Extracted material below:

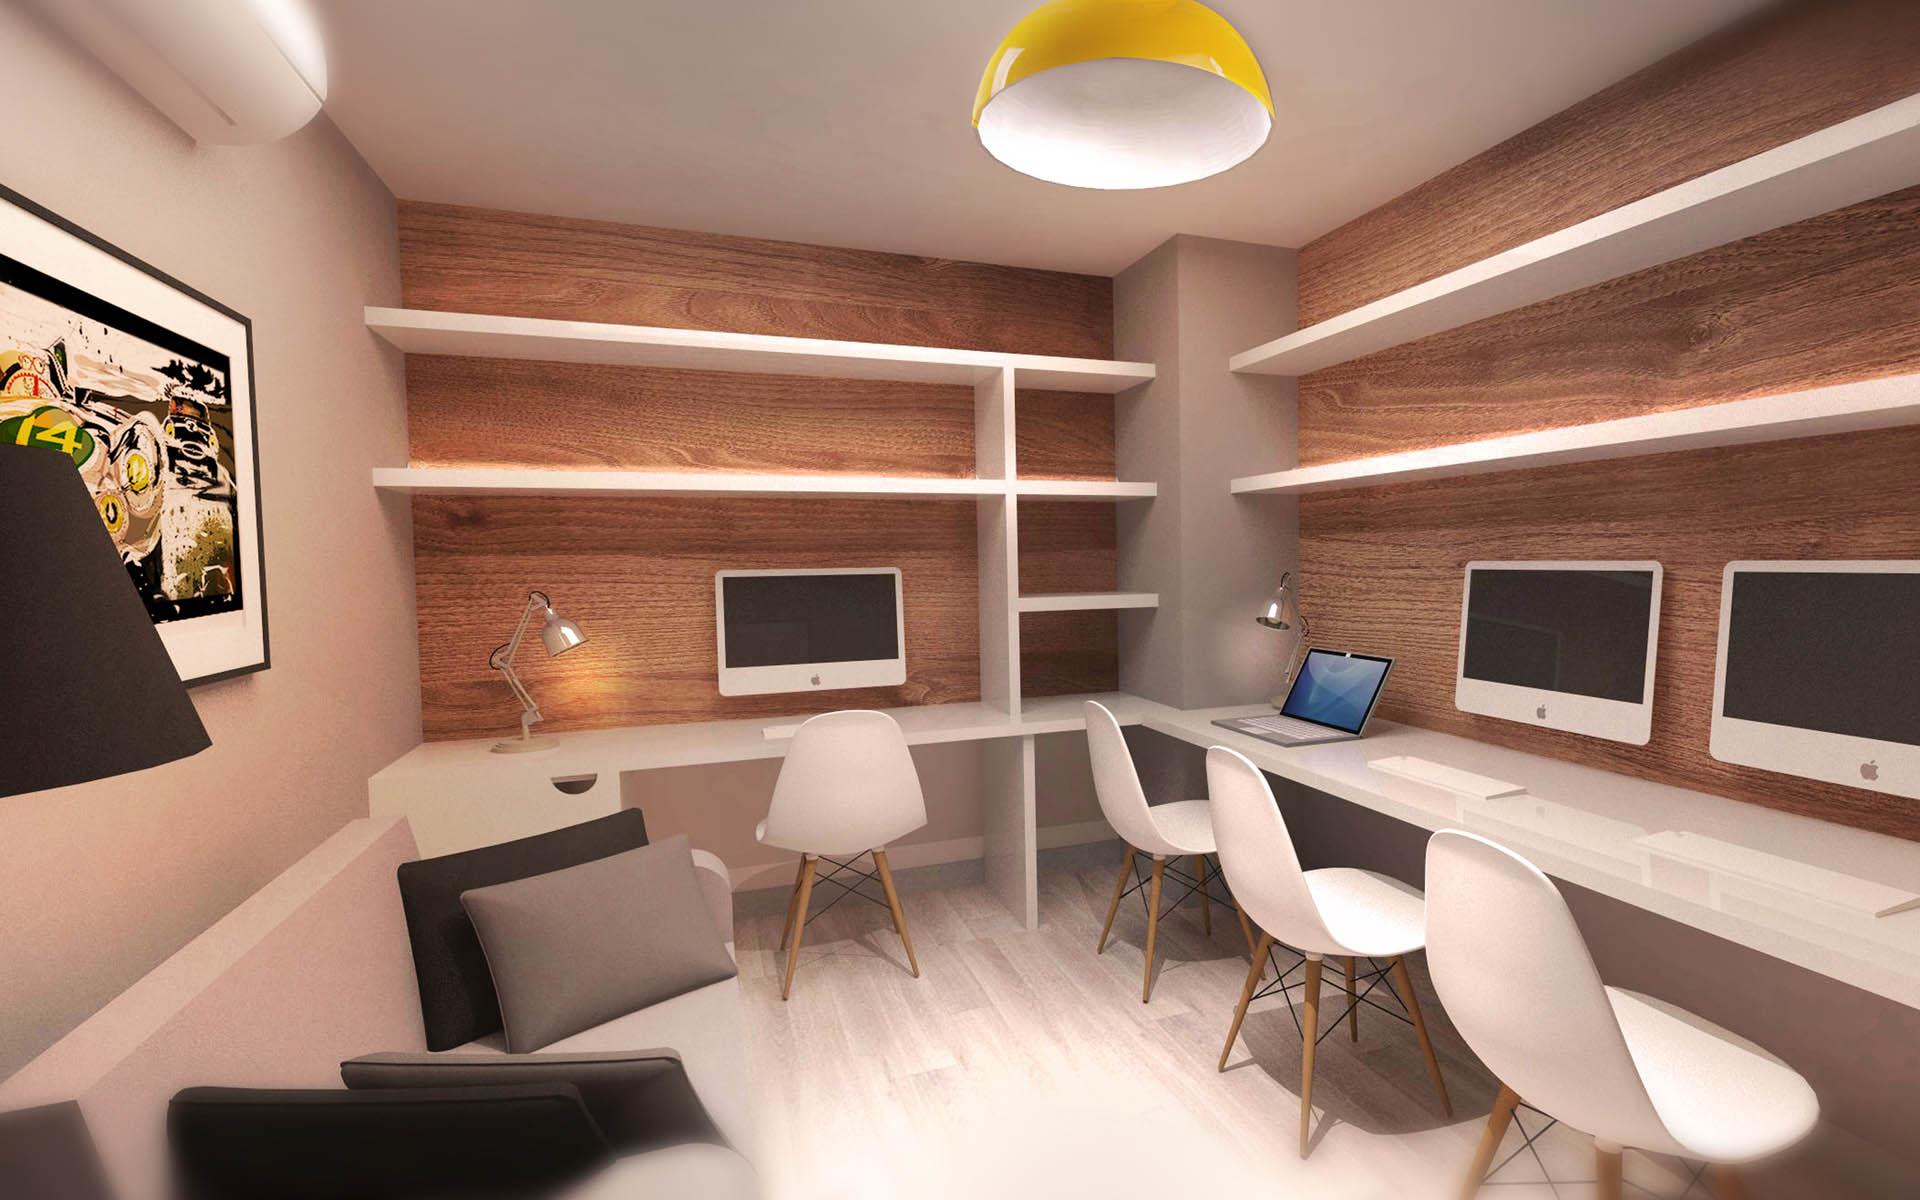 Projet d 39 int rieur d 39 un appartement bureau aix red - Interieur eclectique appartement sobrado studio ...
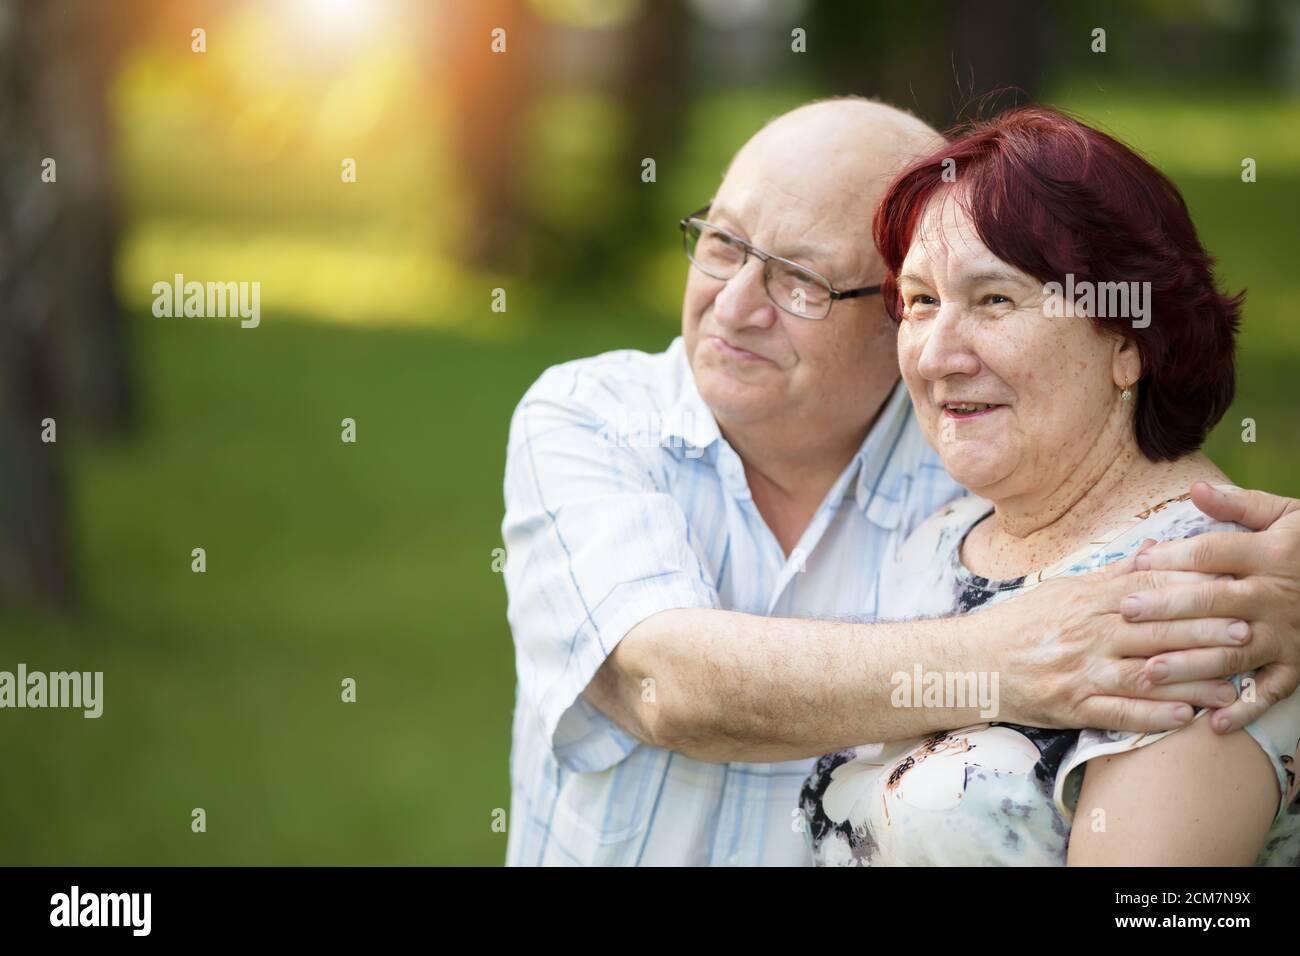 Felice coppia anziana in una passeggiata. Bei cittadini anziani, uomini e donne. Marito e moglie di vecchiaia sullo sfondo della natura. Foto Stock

End of Extracted material.
Extracted material below:

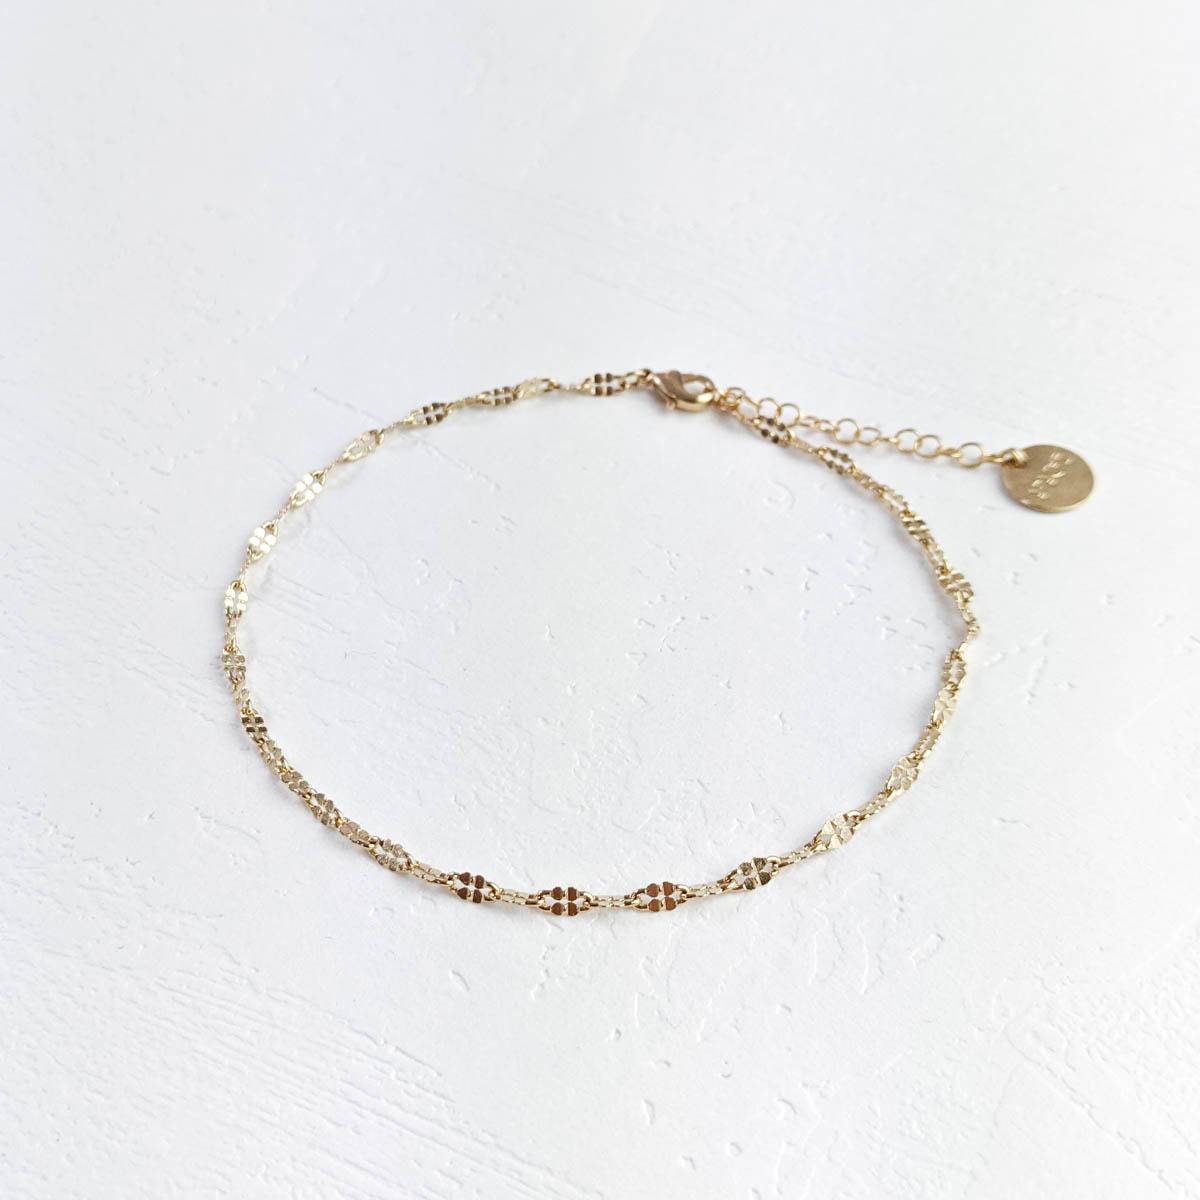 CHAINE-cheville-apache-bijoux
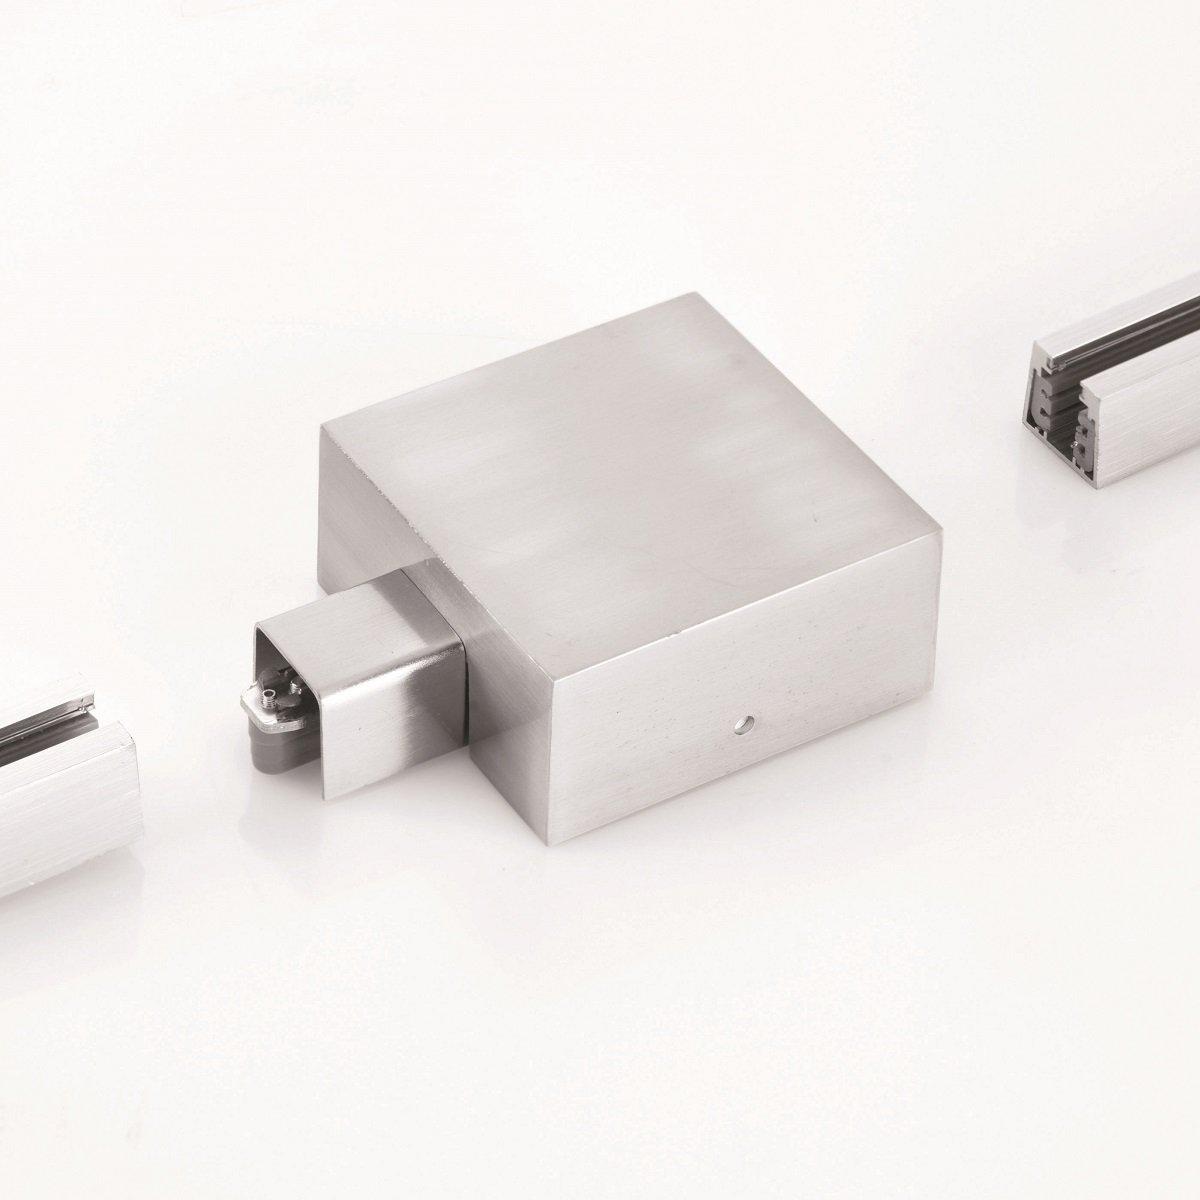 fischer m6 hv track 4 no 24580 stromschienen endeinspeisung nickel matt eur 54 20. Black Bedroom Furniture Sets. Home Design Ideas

End of Extracted material.
Extracted material below:

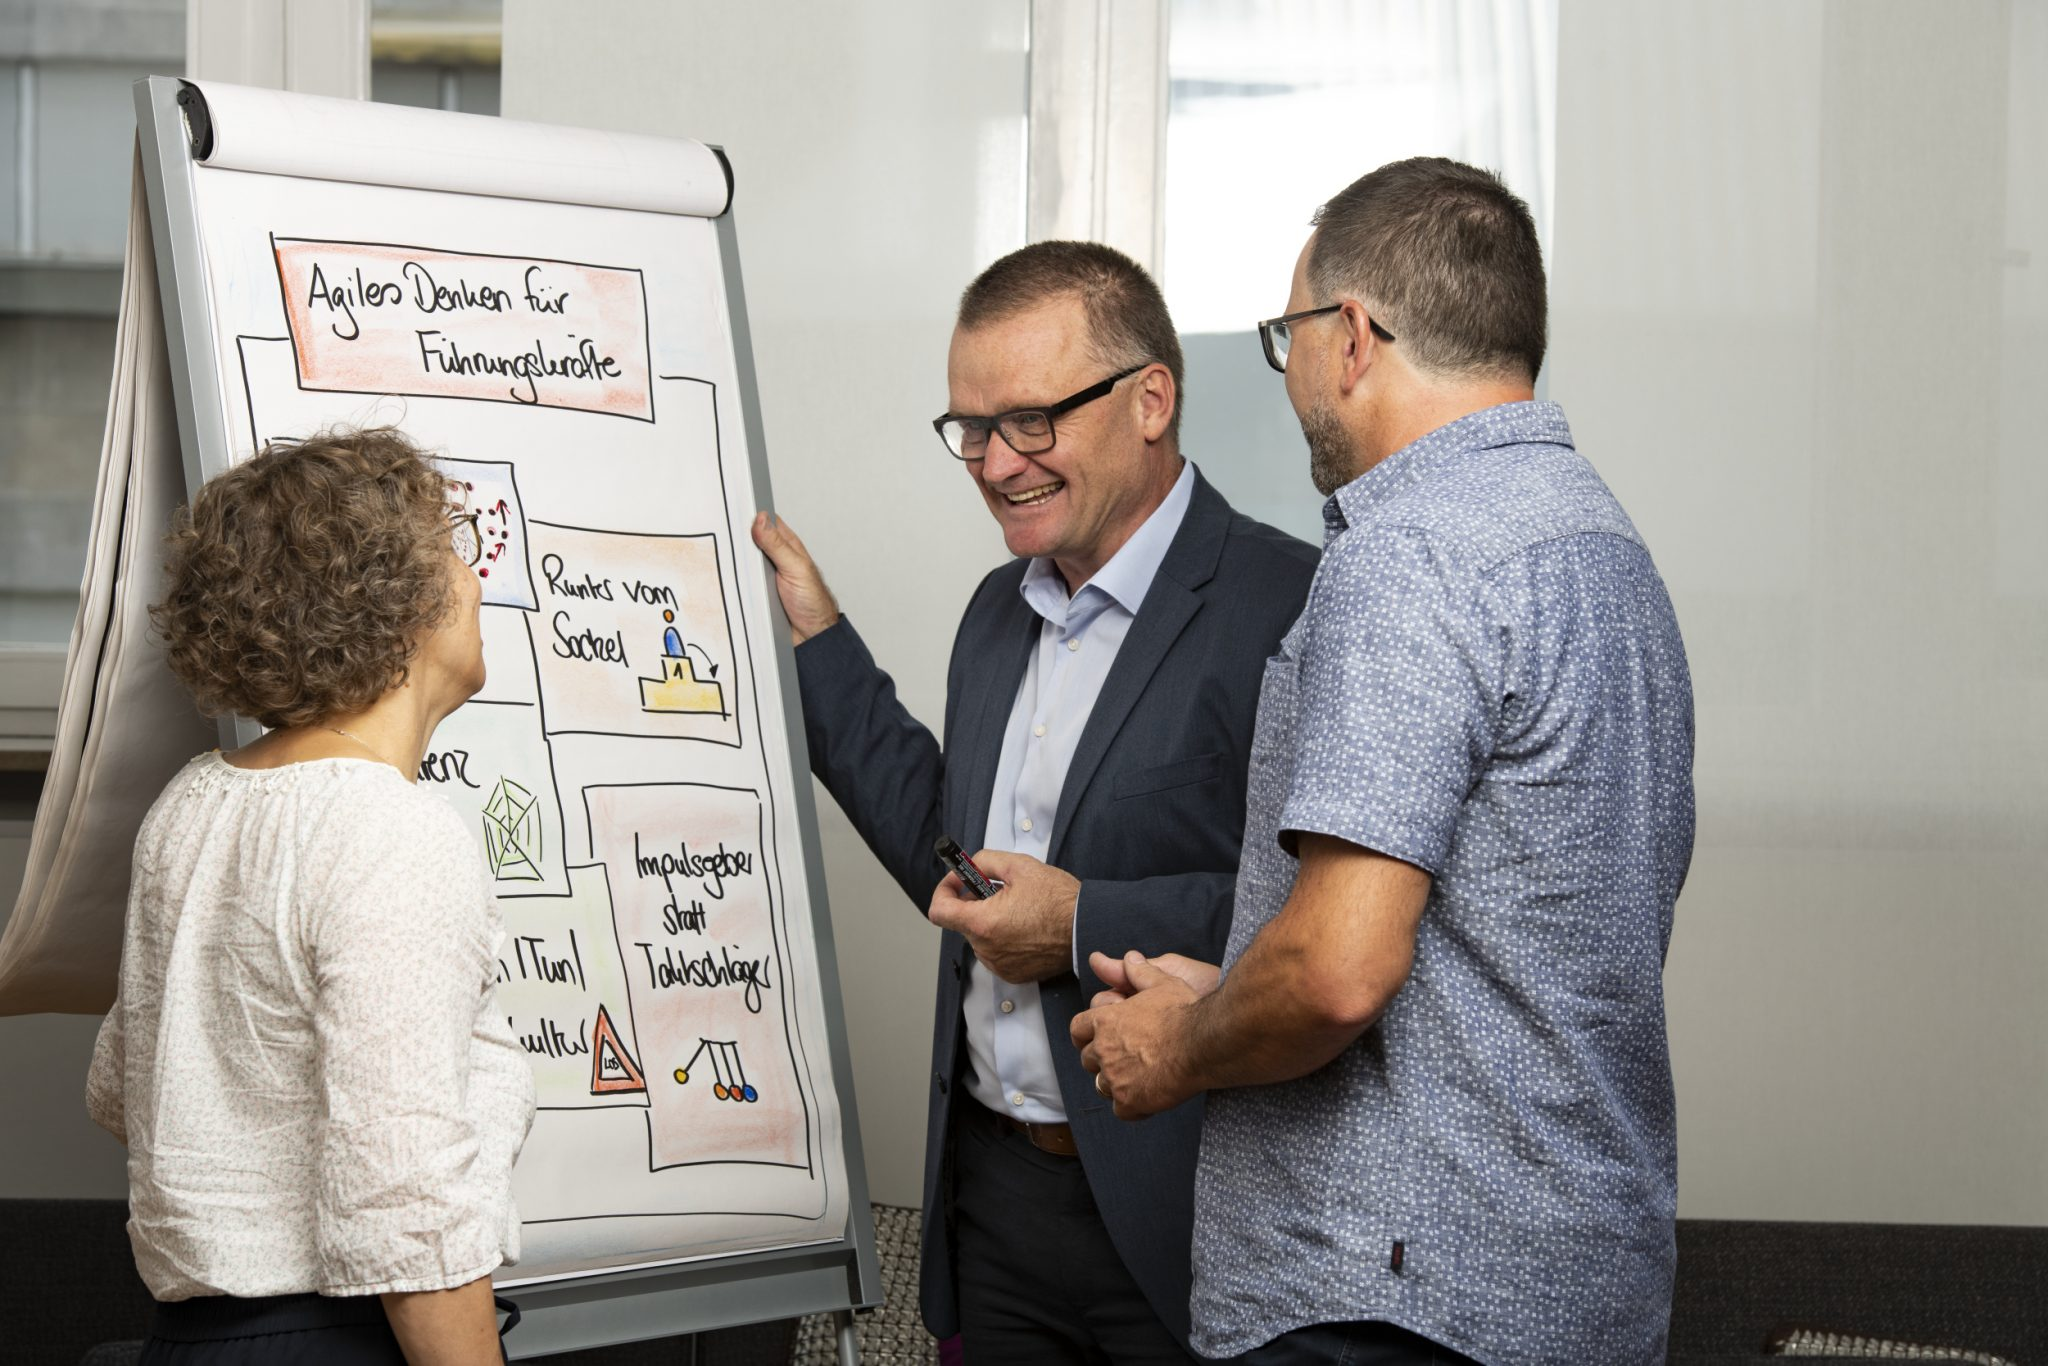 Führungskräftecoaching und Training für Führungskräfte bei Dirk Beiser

End of Extracted material.

- Task item -
Within the entries above, give again exactly the lines starting at the one that contains "Projet d 39" and ending at the one that contains "Felice coppia anziana", leaving out the pictures.

- Solution to this task -
 Projet d 39 int rieur d 39 un appartement bureau aix red - Interieur eclectique appartement sobrado studio ...
 Felice coppia anziana in una passeggiata. Bei cittadini anziani, uomini e donne. Marito e moglie di vecchiaia sullo sfondo della natura. Foto Stock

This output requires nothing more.